Calculamos a probabilidade logarítmica de b em toda a sua amplitude, de 0 a 1, e comparou os log-likelihoods através dos sete diferentes cenários de hibridação.
Determinação do sexo
Para determinar o sexo do MCE1356 e os indivíduos nos painéis de referência beluga e narval, investigamos as relações entre o cromossoma X e a cobertura autossômica. Isto foi feito comparando a cobertura entre os andaimes putativamente originários do cromossomo X, com a dos andaimes putativamente originários dos autossomos. Nós determinamos quais andaimes se originam do cromossomo X alinhando o genoma da baleia assassina com o cromossomo X da Vaca (Bos taurus) (CM008168.2) com o SatsumaSynteny30. Além disso, para remover os vieses que podem ocorrer devido à homologia entre algumas regiões dos cromossomos X e Y, nós alinhamos ainda mais os supostos andaimes X resultantes ao cromossomo Y humano (NC_000024.10) e removemos esses andaimes de análises posteriores. Em seguida calculamos a cobertura através dos andaimes X restantes e dos quatro maiores andaimes não alinhados ao cromossoma X (ou seja, andaimes autossômicos), usando a função de profundidade em SAMtools17. Para compensar qualquer variação na cobertura ao longo do genoma, selecionamos aleatoriamente 10.000.000 locais, calculamos a cobertura média para estes locais, e repetimos este passo 100 vezes. Para cada indivíduo, foram calculados intervalos de confiança de 5% e 95%, assim como o primeiro e terceiro quartis, e utilizados para interpretação posterior.

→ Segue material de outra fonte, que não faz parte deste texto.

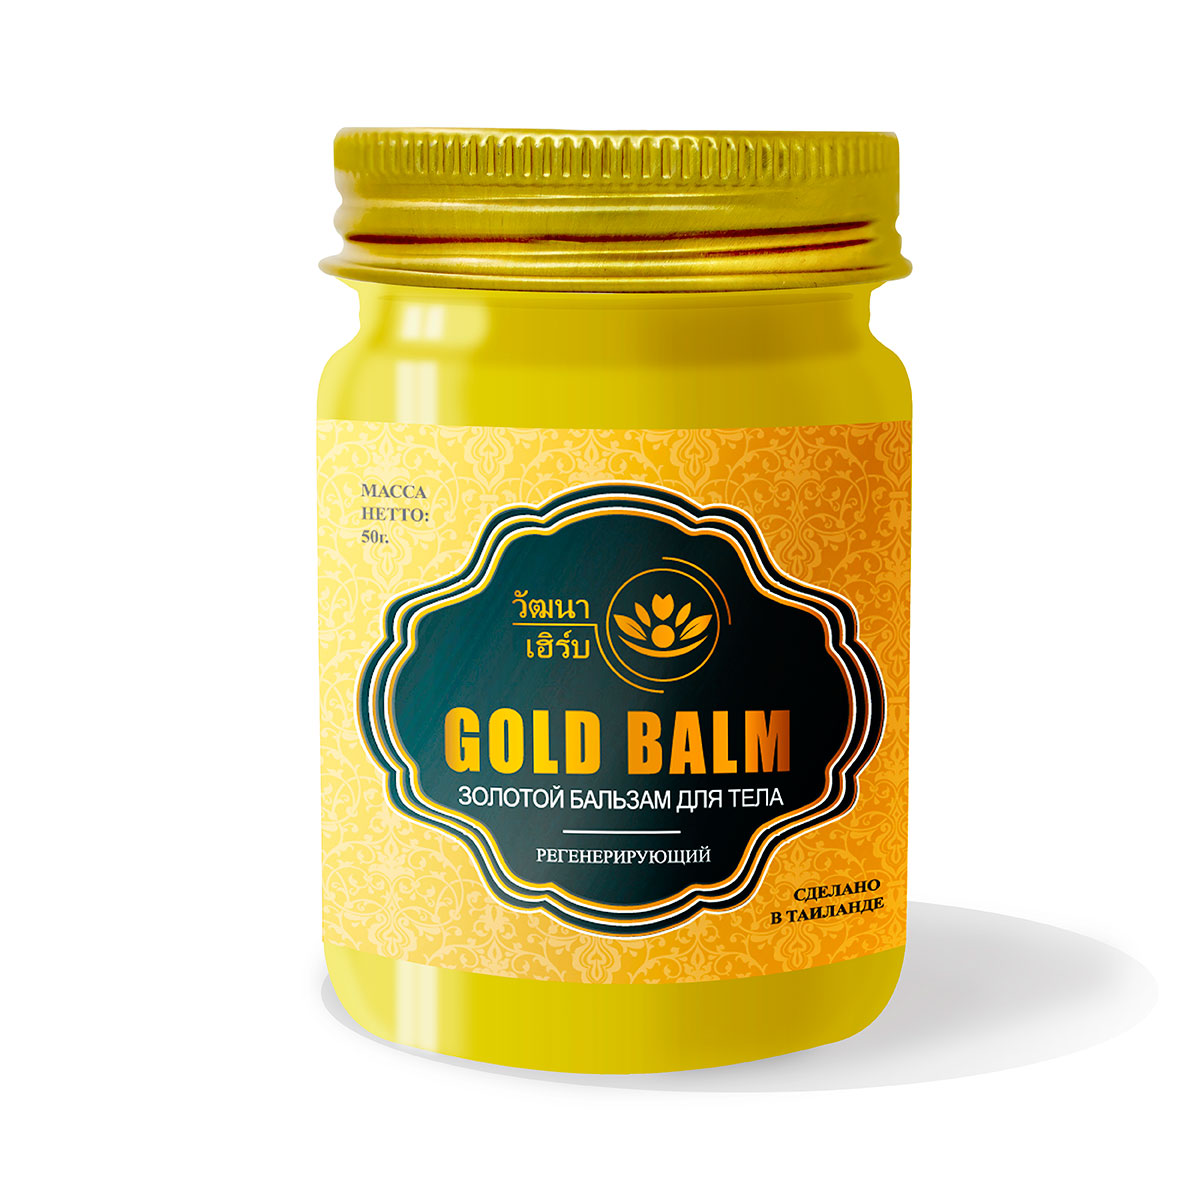 Купить Тайский Золотой бальзам для тела регенерирующий Wattana Herb, 50гр.

Análise de isótopos estáveis de carbono e nitrogênio
Amostras de osso em pó (~100 mg) de MCE1356, 18 crânios de beluga e 18 crânios de narval foram tratados com 10 ml de clorofórmio 2:1/metanol (v/v) sob sonicação durante 1 h para remoção de lipídios. Após a remoção do solvente, as amostras foram secas sob pressão atmosférica normal durante 24 h. As amostras foram então desmineralizadas em 10 ml de HCl 0,5 M durante 4 h enquanto eram agitadas por um agitador orbital. Após a desmineralização, as amostras foram enxaguadas para neutralidade com água tipo I, e então aquecidas a 75 °C por 36 h em HCl 10-3 M para solubilizar o colágeno. O colágeno solúvel em água foi então liofilizado. O extrato de colágeno foi então tratado com 10 ml 10:5:4 clorofórmio/metanol/água (v/v/v) sob sonicação por 1 h para remover quaisquer lipídios residuais. Após a centrifugação, a camada de clorofórmio/metanol foi removida e o metanol foi evaporado da camada de água a 60 °C durante 24 h. As amostras foram novamente liofilizadas e pesadas em cápsulas de estanho para análise elementar e isotópica. As composições isotópicas e elementares estáveis em carbono e nitrogênio foram determinadas usando um espectrômetro de massa de razão isotópica de fluxo contínuo Nu Horizon (Nu Instruments, Reino Unido) na Universidade de Trent, Canadá. As composições isotópicas estáveis de carbono e nitrogênio foram calibradas em relação às escalas VPDB e AIR usando USGS40 e USGS41a. A incerteza padrão foi determinada em ±0.17‰ para δ13C e ±0.22‰ para δ15N31; detalhes analíticos adicionais são fornecidos no Documento Suplementar S4. A significância estatística das diferenças entre as composições isotópicas beluga e narval foi avaliada utilizando testes t não pareados.